- [THE RECORDS]:
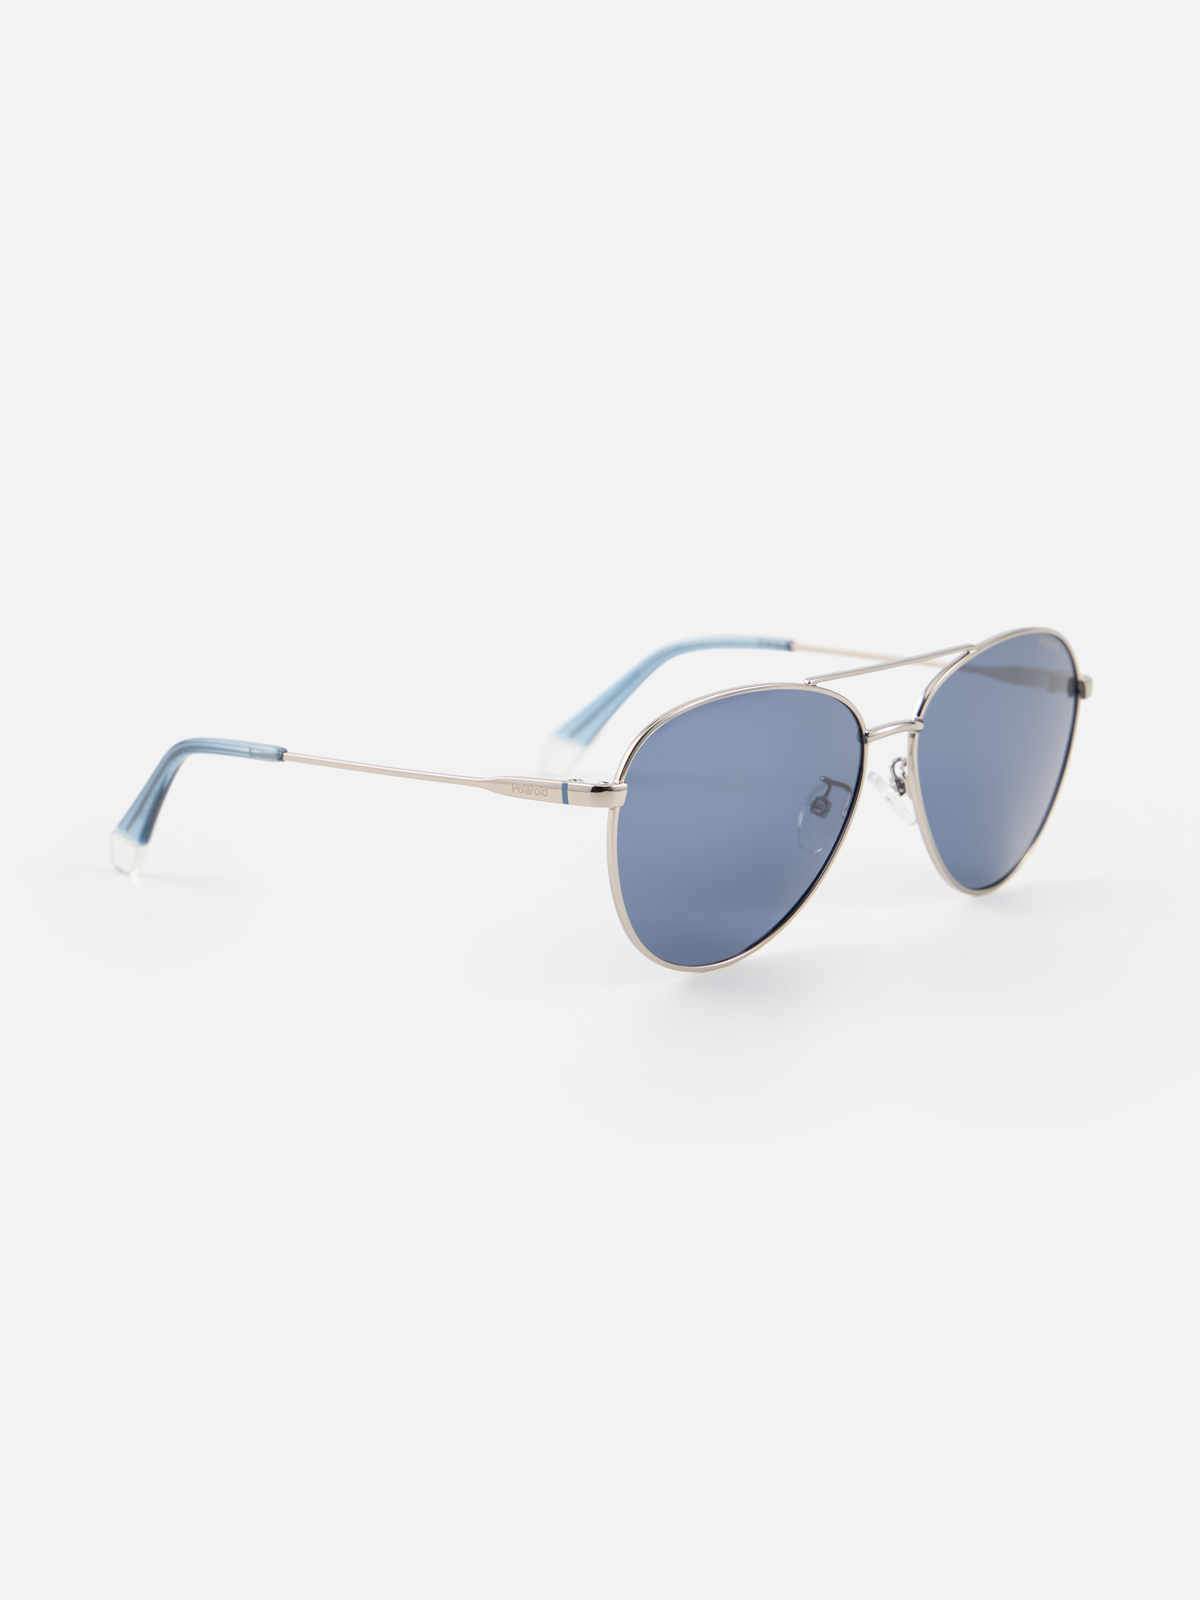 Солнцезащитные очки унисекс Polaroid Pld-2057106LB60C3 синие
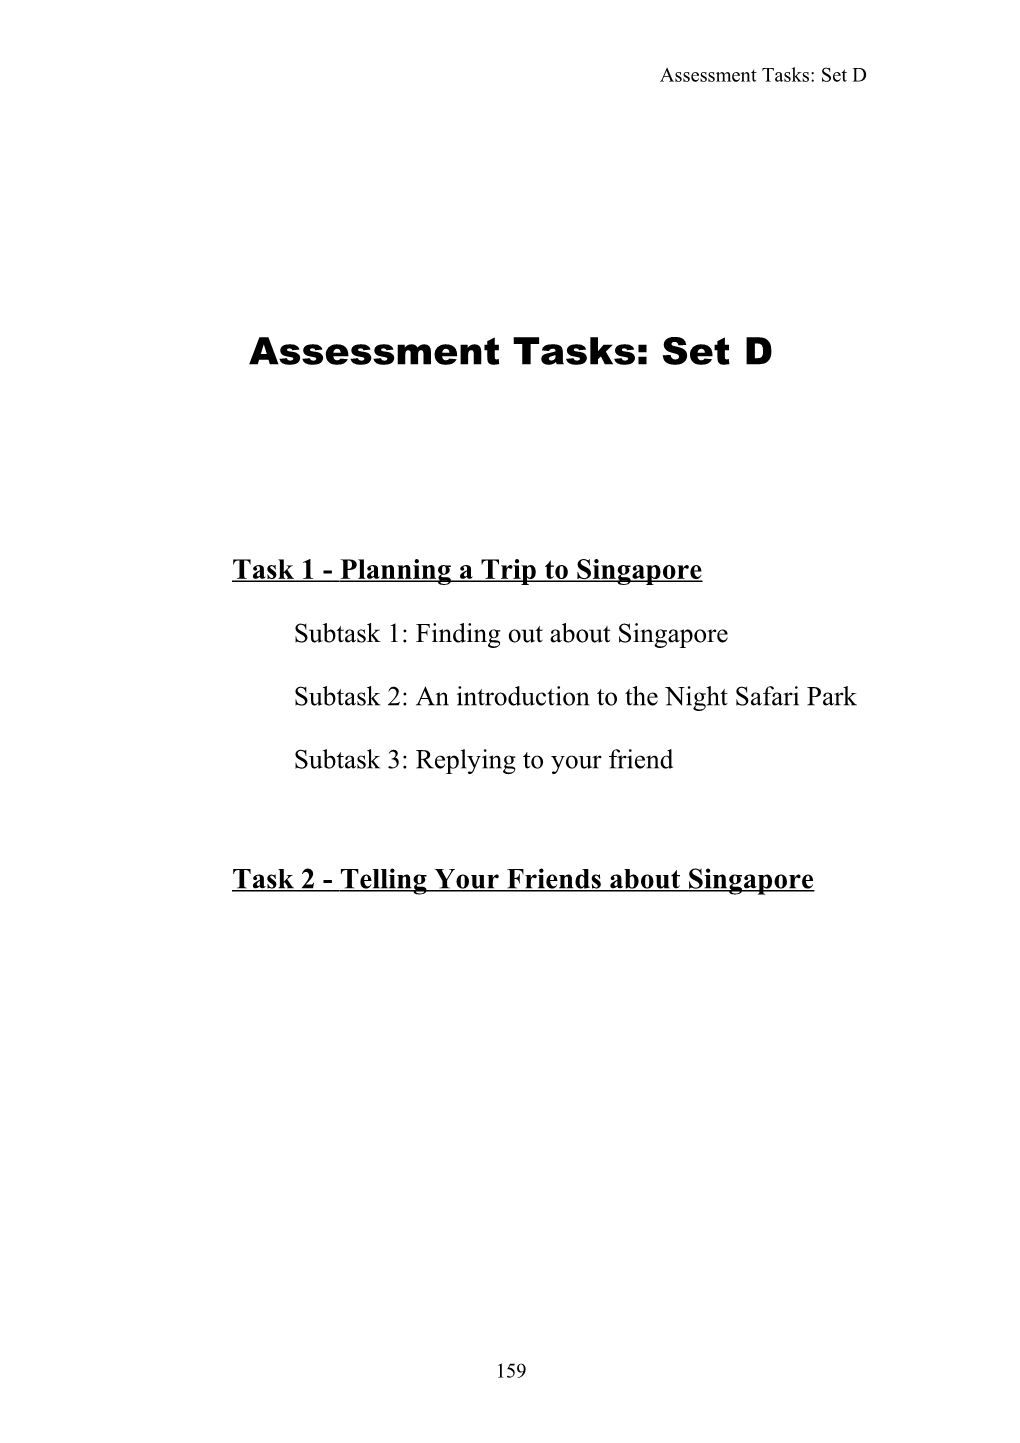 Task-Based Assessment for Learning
* * *
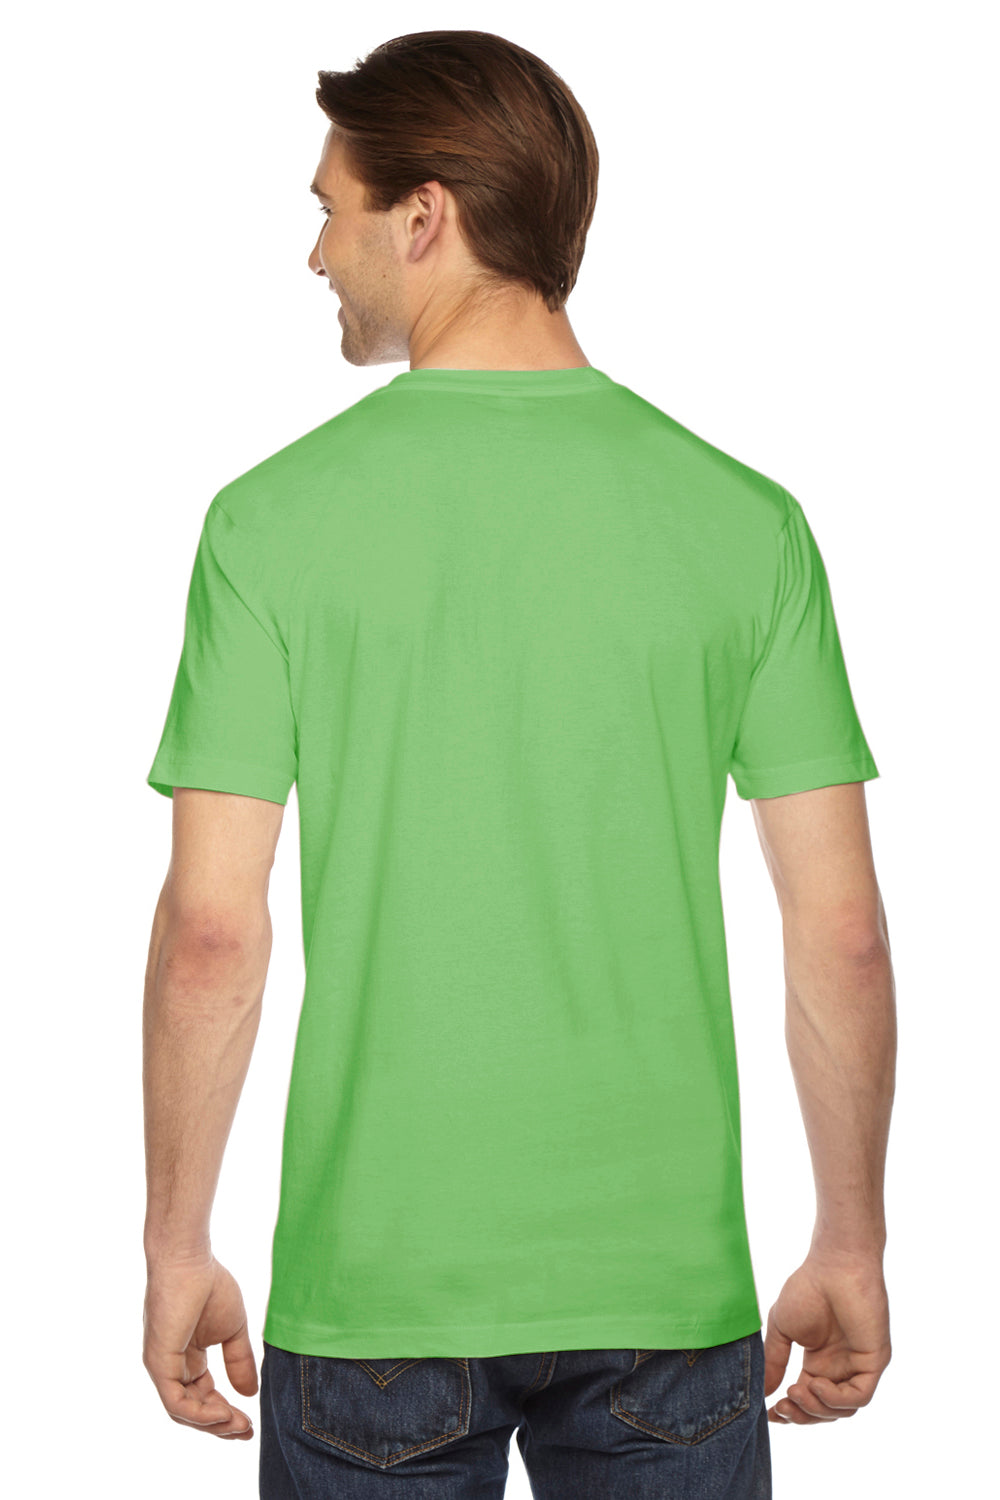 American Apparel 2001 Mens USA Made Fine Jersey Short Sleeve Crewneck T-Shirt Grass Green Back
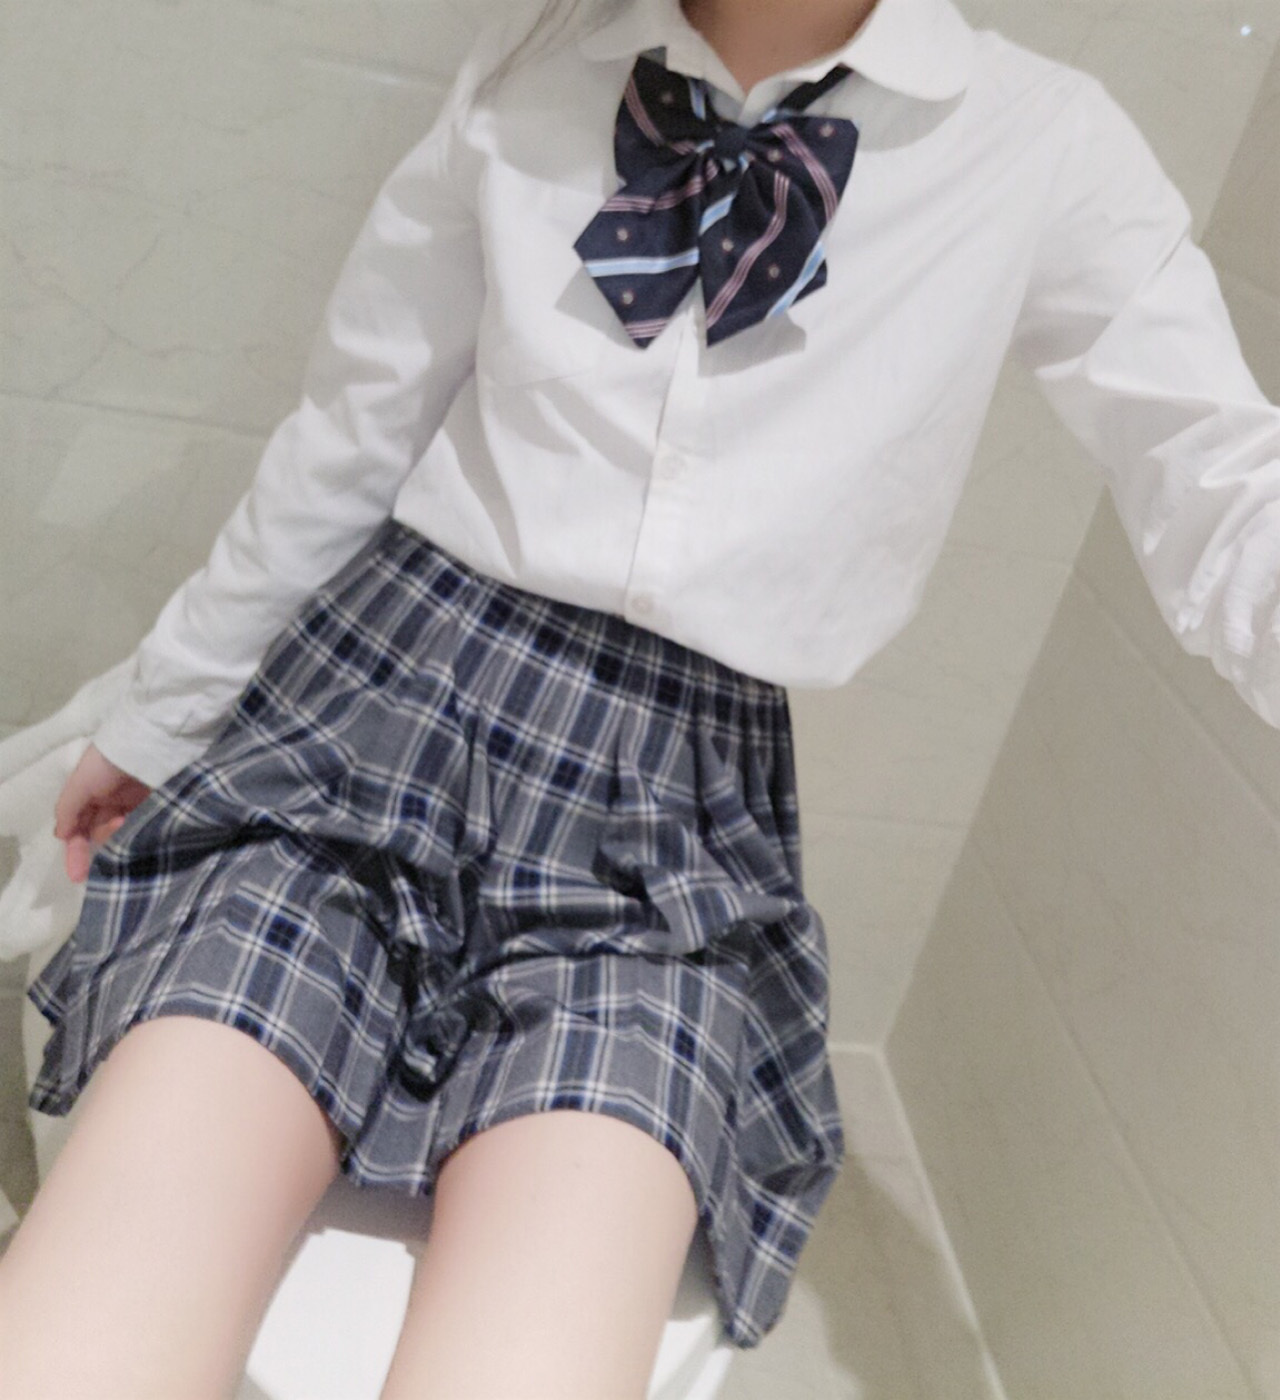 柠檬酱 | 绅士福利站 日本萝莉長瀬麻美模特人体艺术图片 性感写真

- [EXERCISE]: The lines to copy exactly start with the line above that has "Солнцезащитные очки унисекс" and go on through the line that has "Task-Based Assessment for Learning"; please include both, add nothing else, and omit the pictures.

- [SOLVED PROBLEM]:
 Солнцезащитные очки унисекс Polaroid Pld-2057106LB60C3 синие
 Task-Based Assessment for Learning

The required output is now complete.